Segment Start: DATA EXCERPT
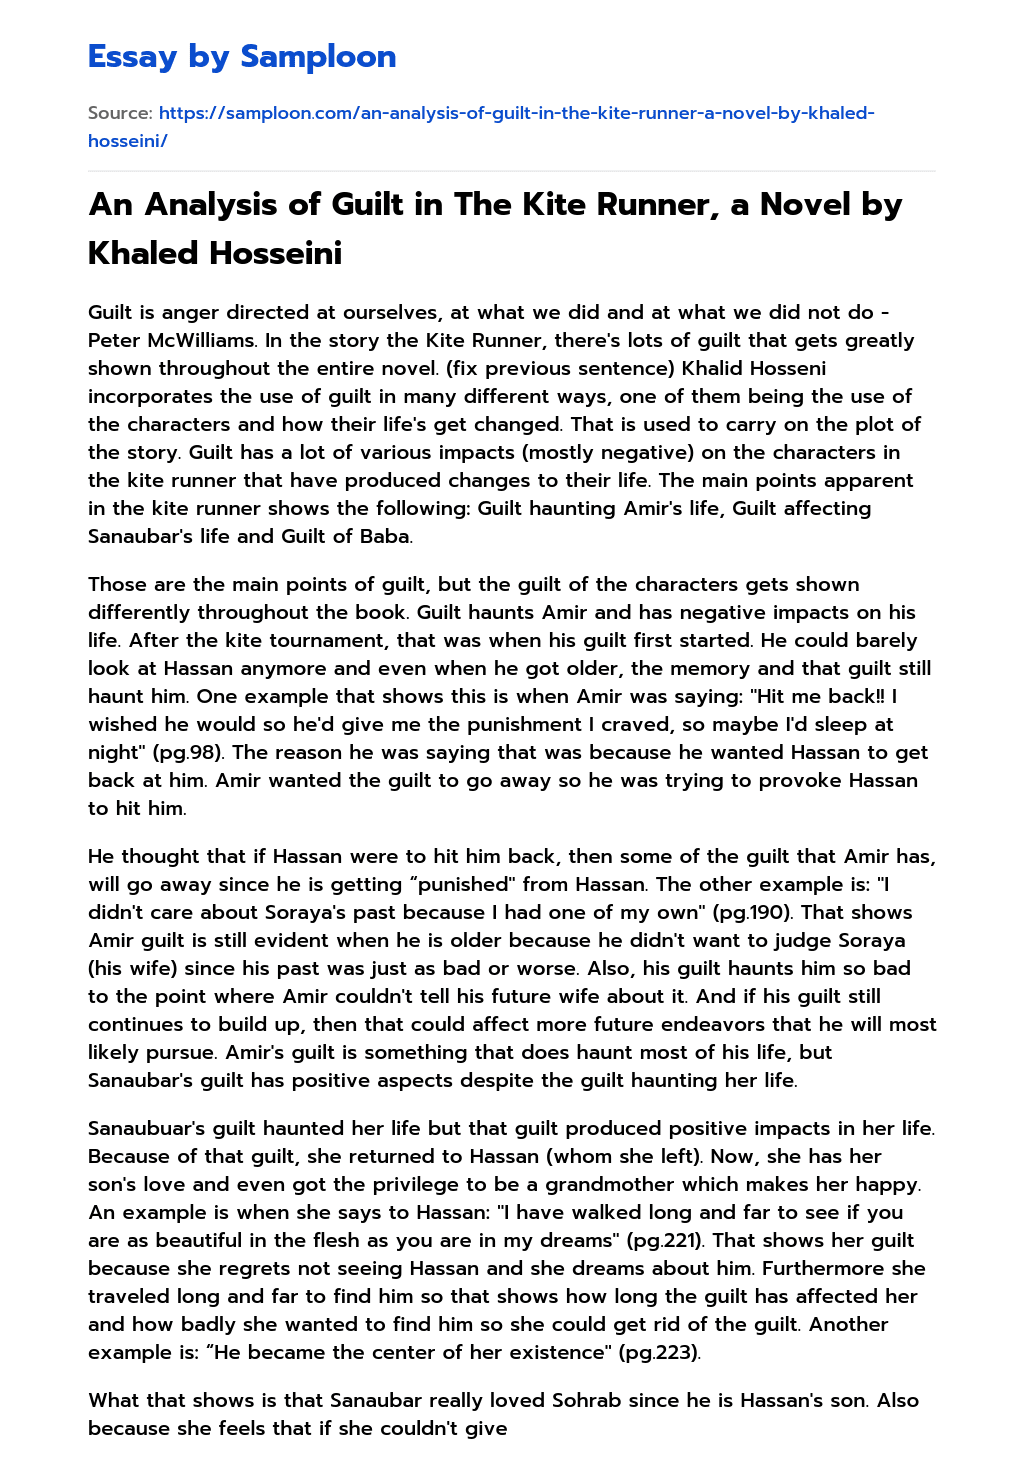 An Analysis of Guilt in The Kite Runner, a Novel by Khaled Hosseini essay
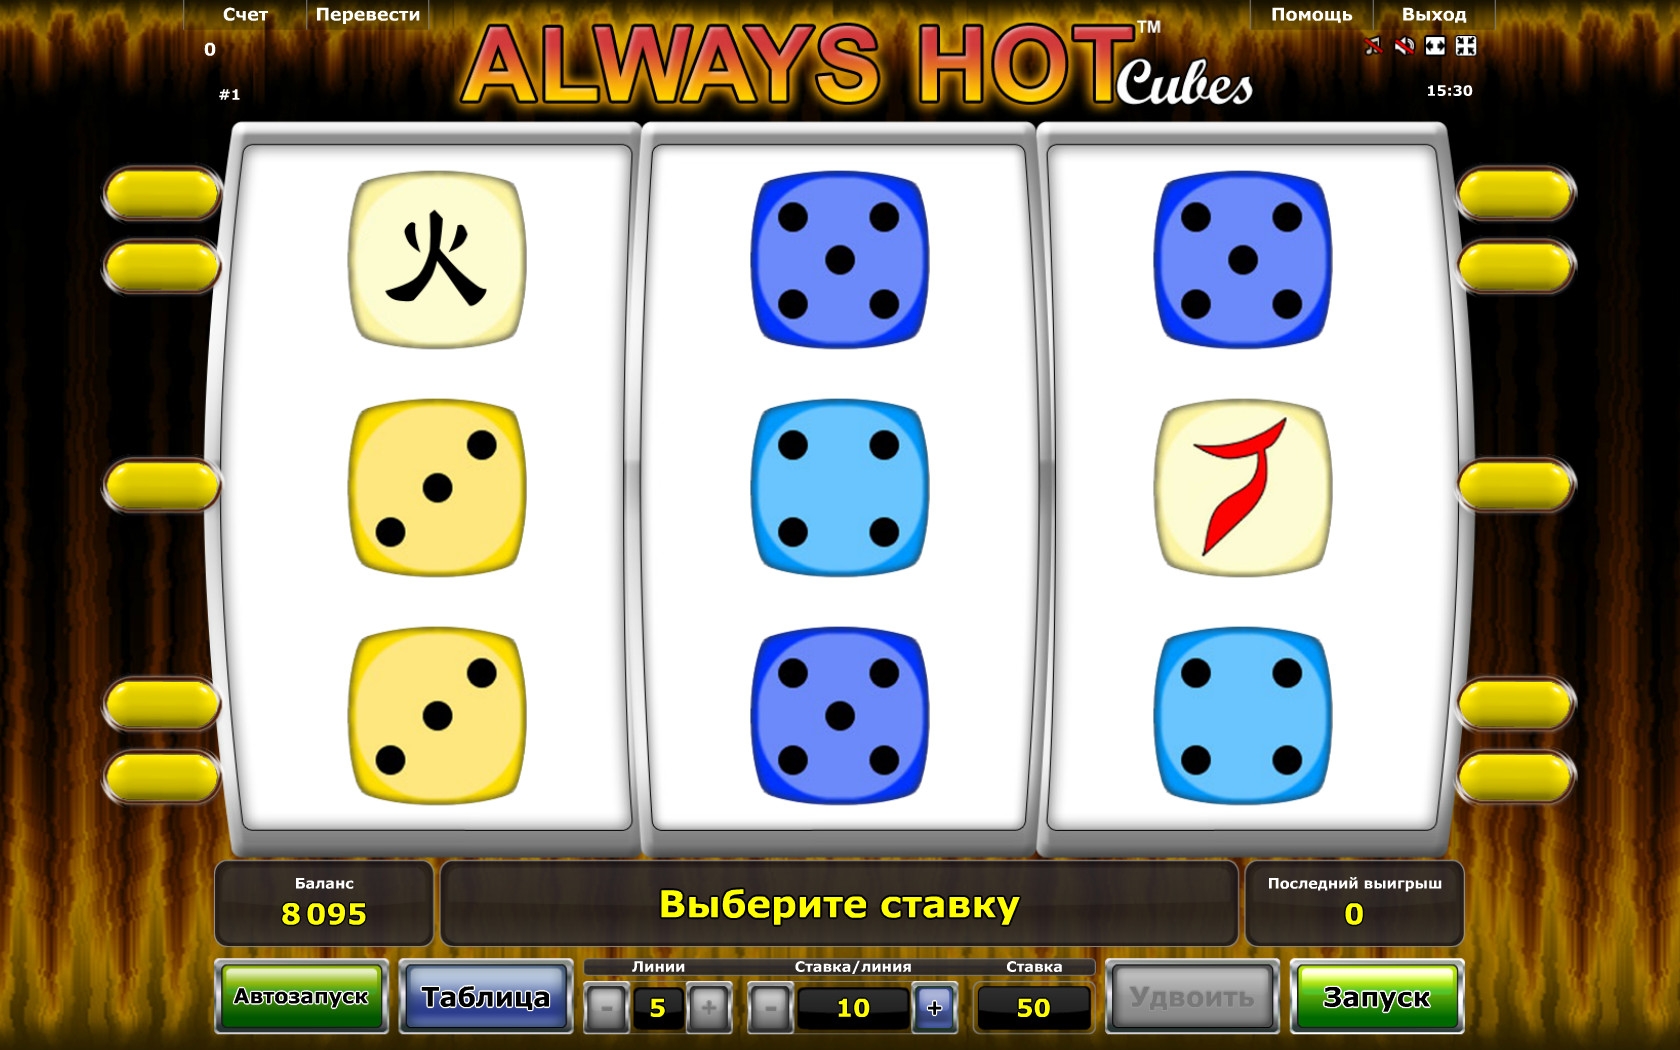 slot machines online always hot cubes
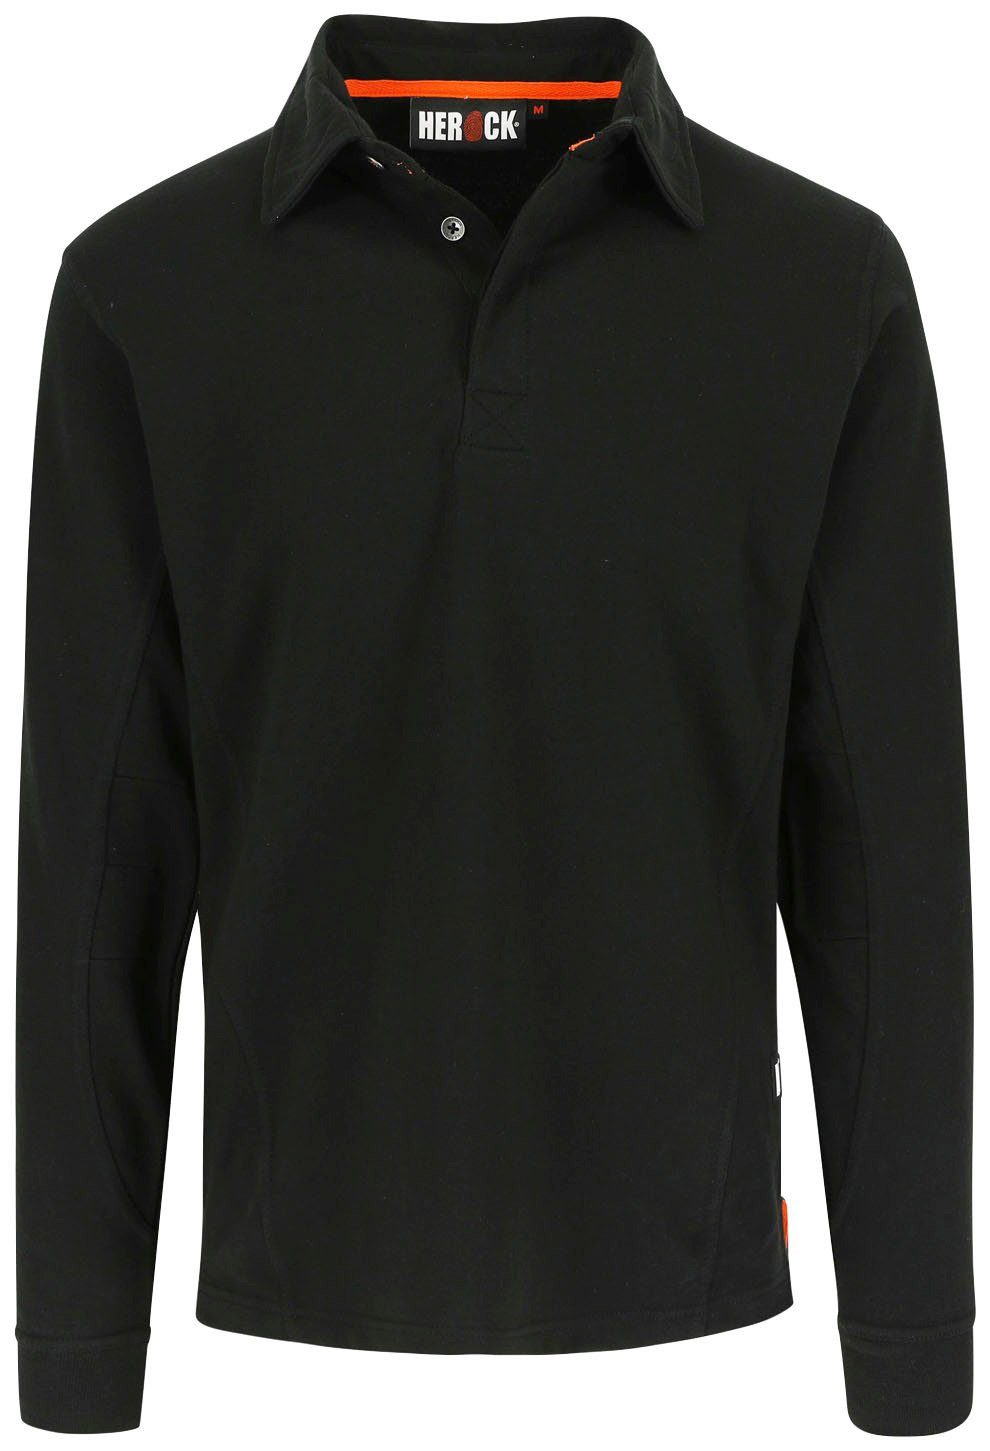 Herock Langarm-Poloshirt Troja Polo Langärmlig Tragegefühl, verschiedene figurformend, leicht Angenehmes schwarz Farben
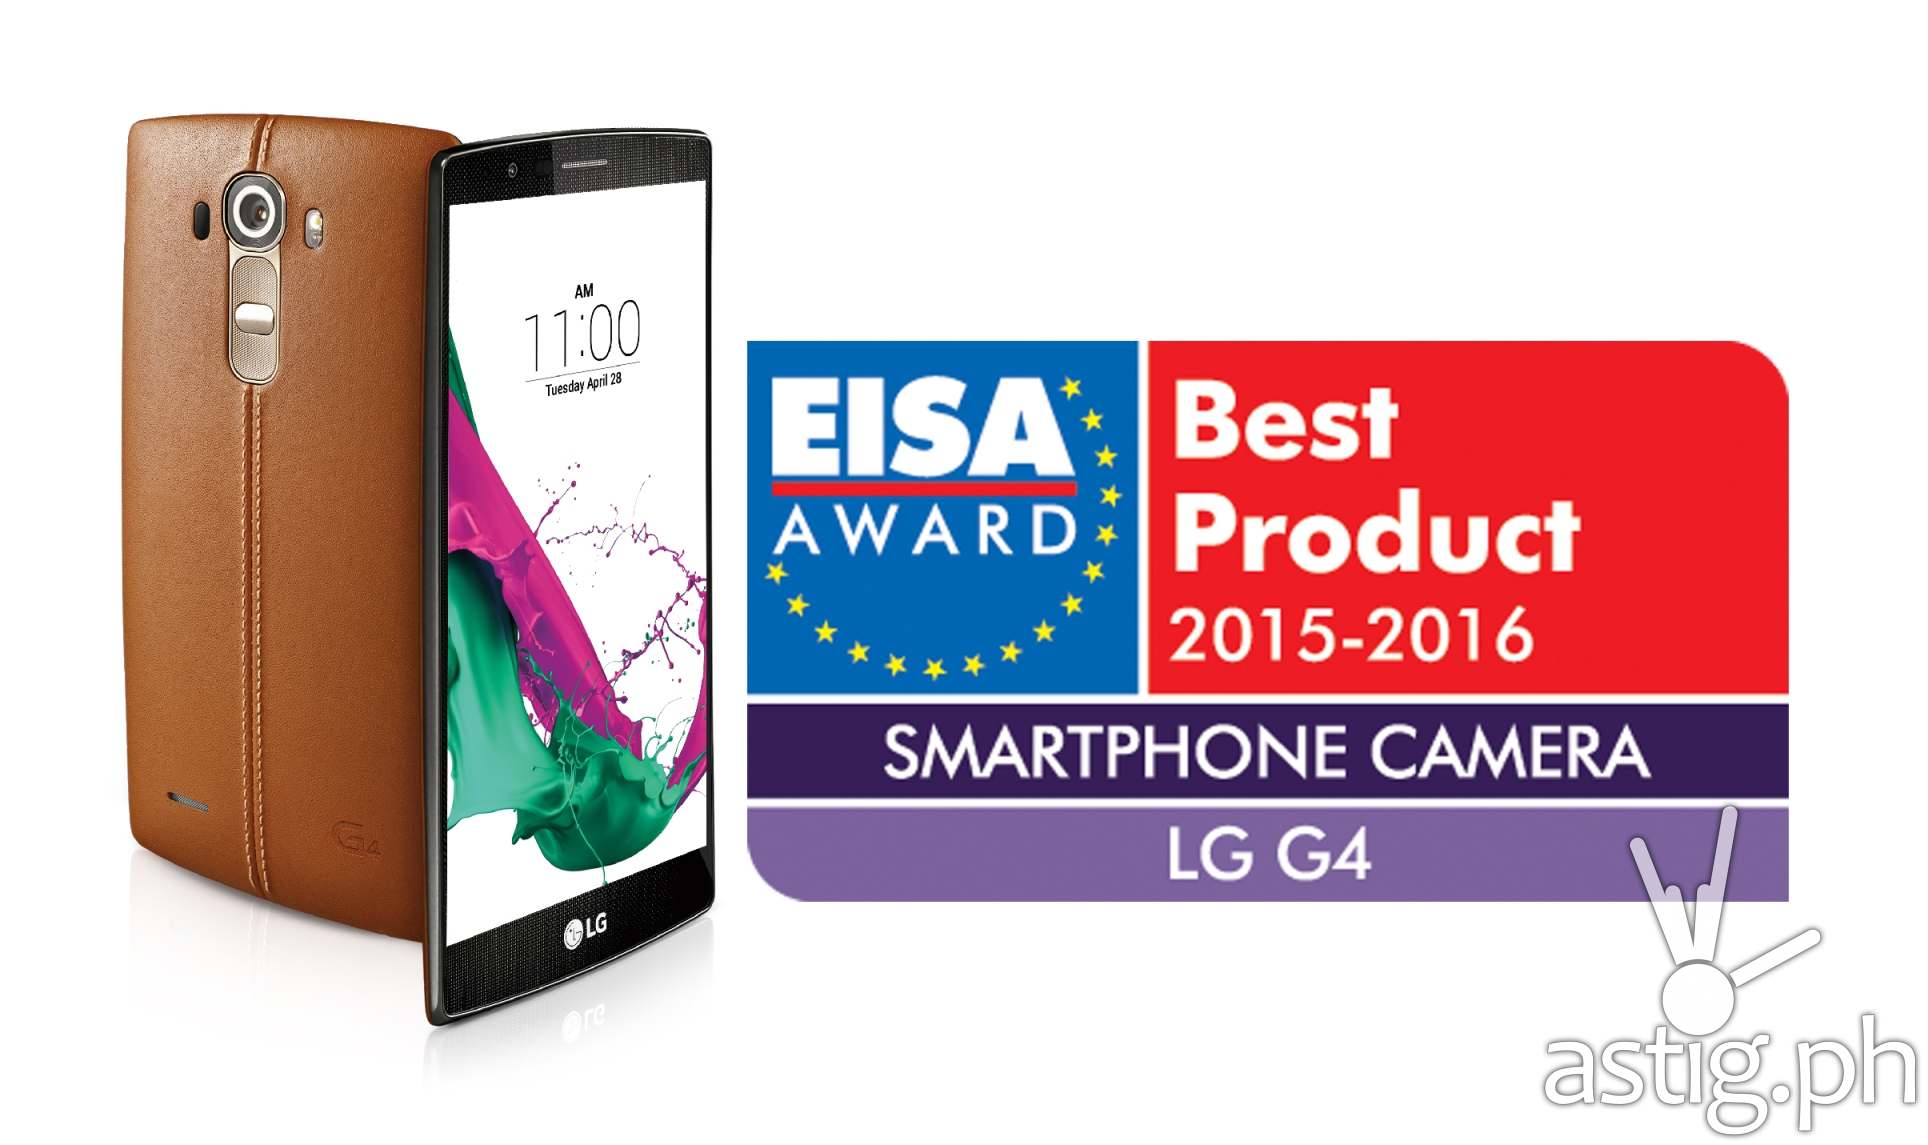 LG G4 EISA Award
Segment End: DATA EXCERPT
_TASK STATEMENT:_ Once the line containing "slot machines online always hot cubes" has been found, write out exactly that line and each one after it through the end of the data, leaving out every picture.

_TASK RESULT:_
 slot machines online always hot cubes
 Herock Langarm-Poloshirt Troja Polo Langärmlig Tragegefühl, verschiedene figurformend, leicht Angenehmes schwarz Farben
 LG G4 EISA Award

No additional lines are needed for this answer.